Two days of ago Google’s most famous Googler said that the DMOZ home page had disappeared due to a ill conceived 301 redirect. Today the official DMOZ blog took time out of their busy schedule of not approving competitor’s sites to clarify the situation and say that the real reason was actually:
…changing the root domain from dmoz.org to www.dmoz.org. What we all witnessed yesterday and what was reported by the great sites above was part of an index recognizing, adjusting and updating in real time.

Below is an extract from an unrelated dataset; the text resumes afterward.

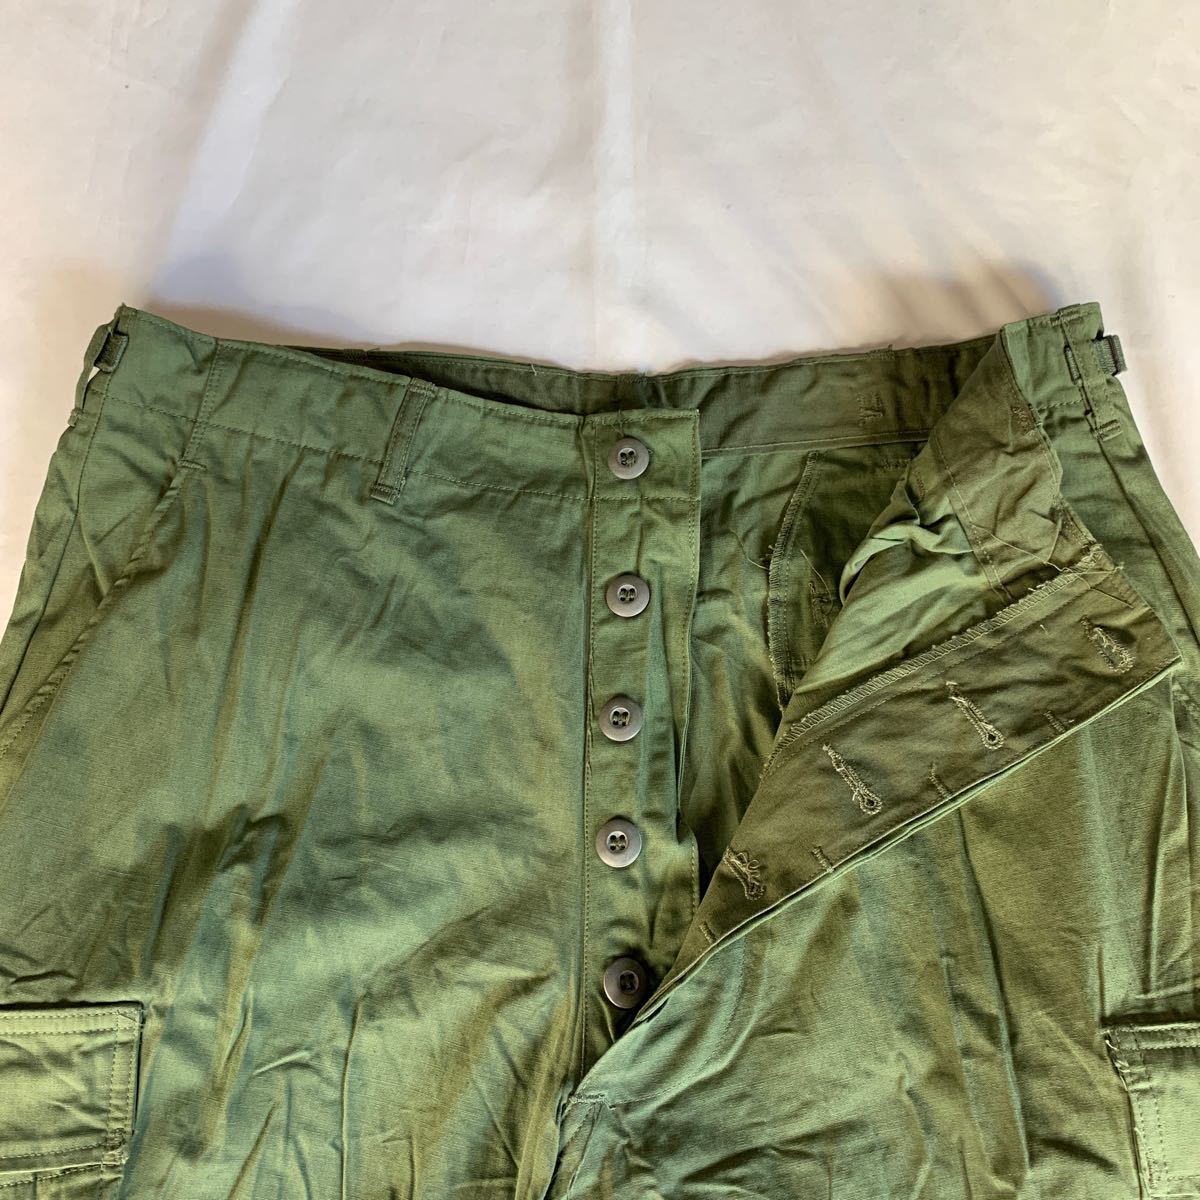 60s U.S.ARMY JUNGLE FATIGUE TROUSERS 3rd DEAD STOCK USARMY ジャングルファティーグ カーゴパンツ ノンリップ デッドストック 送料無料 の画像5

This was confirmed in discussions we had with Google…
From this exchange I can only wonder about a few possibilities:
- Google waved their hand and said, “those are real time adjusting and updating” and DMOZ obliged and responded with, “those are real time adjusting and updating”
- Matt Cutts needs to talk to his crawl team who seemingly fed him some bad information
- DMOZ actually doesn’t have the skills required to institute a proper 301 redirect
- Google fell on the sword and decided to look like fools and said that they can’t handle domain canonicalization
- If you have a site with a home page with PageRank of 9 or less (that’s only a small percentage of the web) you should reconsider instituting a 301 redirect, lest Google will loose you for a few days of recognizing and adjusting
- Minty fresh results only apply to lower PageRank blogs and not older established sites
- Google actually had a big screw up, instead of sending Adam Lasnik out to say it was a Bad Data Push, they waved their hand and buffaloed DMOZ into doing their dirty work for them
- There are screw-ups, cover-ups, and foul-ups going on here
Note to DMOZ, if you have to continually remind people that you are not dead or dying, you are dead or dying.
- Today, “DMOZ is not dying folks. We’re growing every day. Globally.”
- Two days ago, “the editor community is very much alive and thriving”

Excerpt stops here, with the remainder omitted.